|HUANG, J - South China Agricultural University|
|DAI, Z - South China Agricultural University|
|ZHENG, Z - South China Agricultural University|
|SILVIA, P.A. - Fundecitrus - Brazil|
|KUMAGAI, L - California Department Of Food And Agriculture|
|DENG, X - South China Agricultural University|
Submitted to: American Phytopathological Society Abstracts
Publication Type: Abstract Only
Publication Acceptance Date: 8/3/2020
Publication Date: 12/30/2020
Citation: Huang, J., Dai, Z., Zheng, Z., Silvia, P., Kumagai, L., Chen, J., Deng, X. 2020. Metagenomic analyses of ACP and citrus samples infected with “Candidatus Liberibacter asiaticus” in California. American Phytopathological Society Meeting. 125:S2.53. https://apsjournals.apsnet.org/doi/epdf/10.1094/PHYTO-110-12-S2.1.

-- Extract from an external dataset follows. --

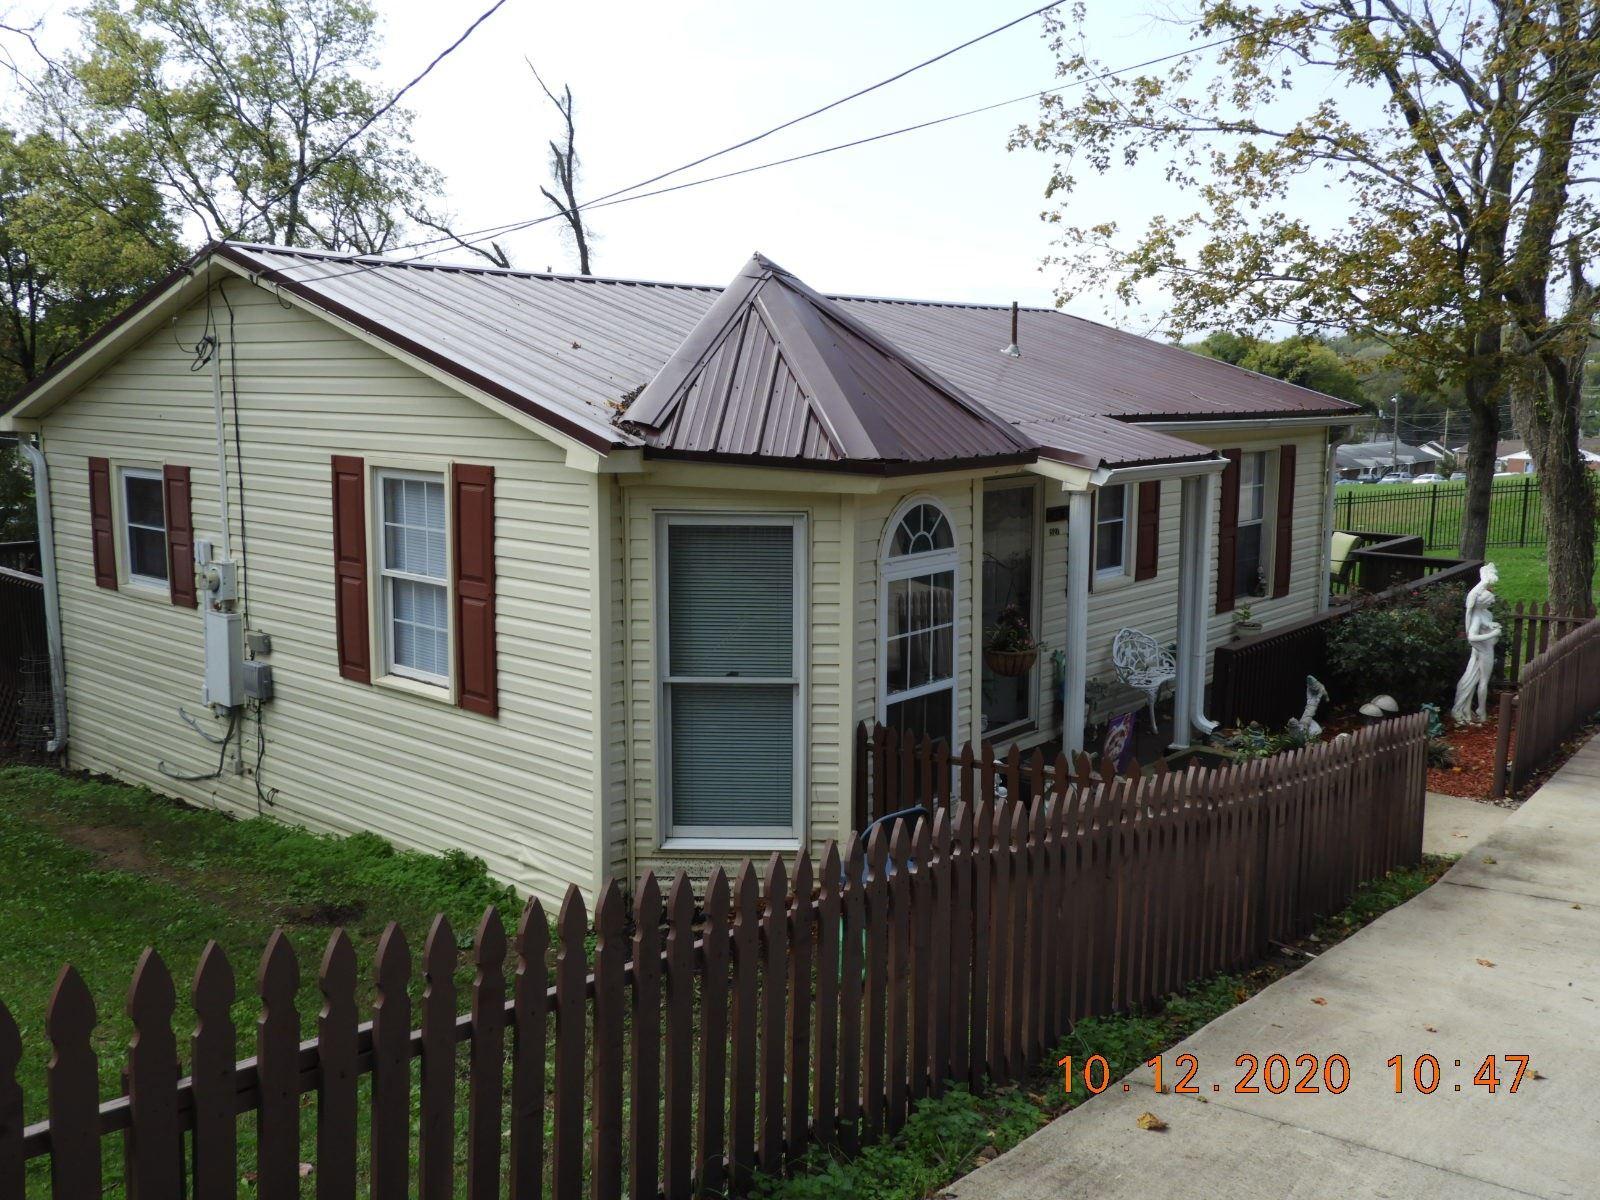 Photo of 527 E Grigsby St, Pulaski, TN 38478 (MLS # 2197636)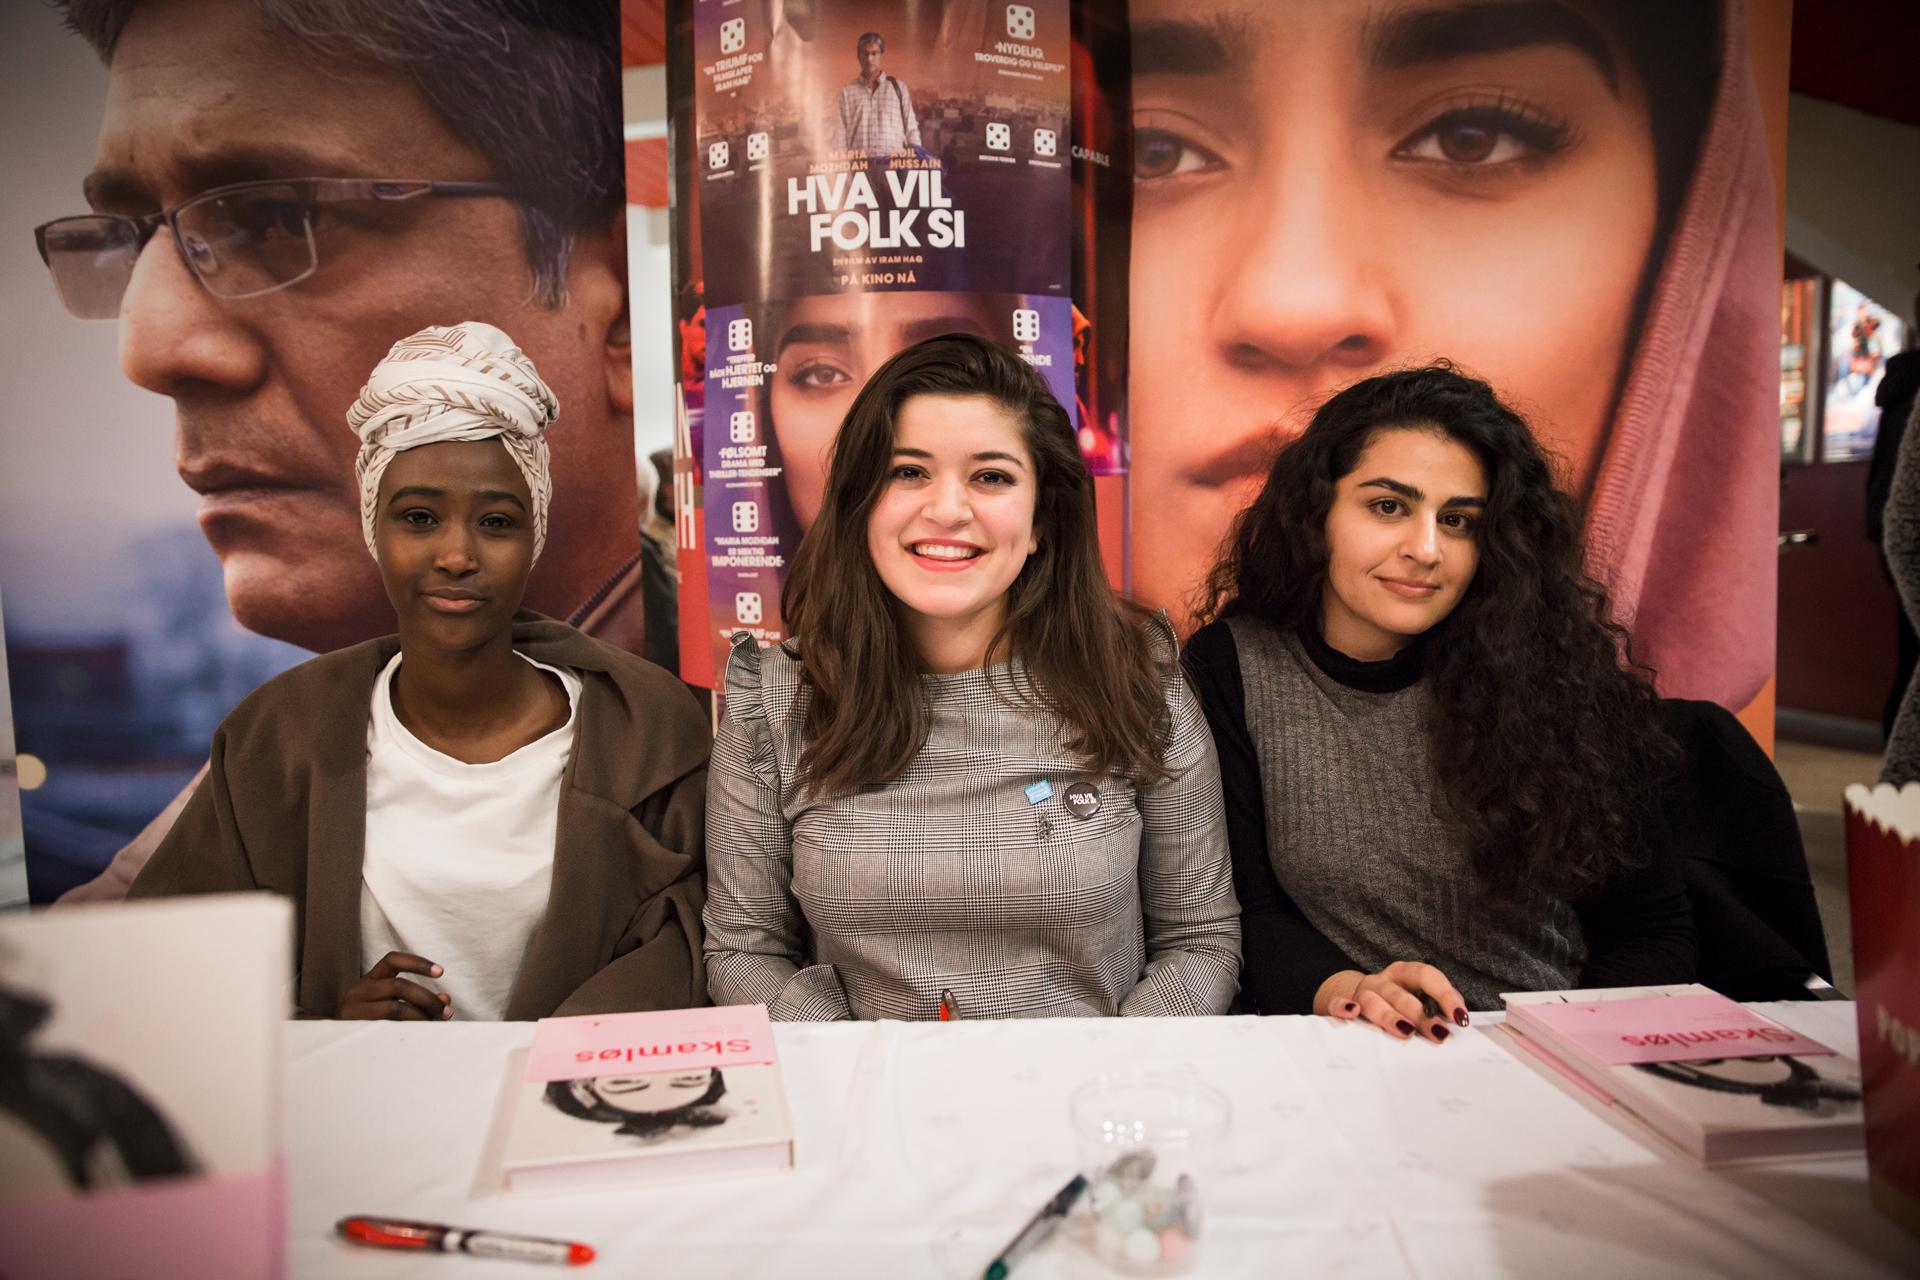 Skamløs-forfatterne Amina Bile, Nancy Herz og Sofia Nesrine Srour signerte den rykende ferske boka si i foajeen på Saga kino i forbindelse med jentevisningen. Foto: Solveig Bakken

Technical Abstract: Huanglongbing (HLB) is a highly destructive disease in citrus production. The disease is associated with an unculturable proteobacterium “Candidatus Liberibacter asiaticus” (CLas), transmitted by Asian citrus psyllid (ACP, Diaphorina citri). HLB was first discovered in Southern California in 2012. Since then, the disease has been found in multiple locations. Understanding the microbiome associated with HLB has important impact for disease management. In this study, citrus and ACP CLas samples recently collected from County of San Bernardino were analyzed. A metagenomics pipeline was developed that included DNA extraction, a next-generation-sequencing (NGS) Illumina NextSeq format, and bacterial sequence grouping using a metagenomic tool (Kaiju) along with appropriate validation. In addition to CLas, sequence groups of Bradyrhizobium, Burkholderia, Mesorhizobium, Paraburkholderia, and Pseudomonas were found in both the citrus and ACP samples. Some groups had relatively high abundance. Draft genome sequences of the ACP and citrus CLas strains were obtained. Based on terL locus, the two CLas strains were in the Asiatic group with Type 1 prophages, i.e. PGT-1 group. In the sequence groups of Bradyrhizobium and Mesorhizobium, sequences highly similar to the 16S rRNA gene of CLas were detected. These sequences could potentially impact the accuracy of CLas detection using 16S rRNA gene-based PCR. Characterization of Burkholderia, Paraburkholderia and Pseudomonas groups are currently underway.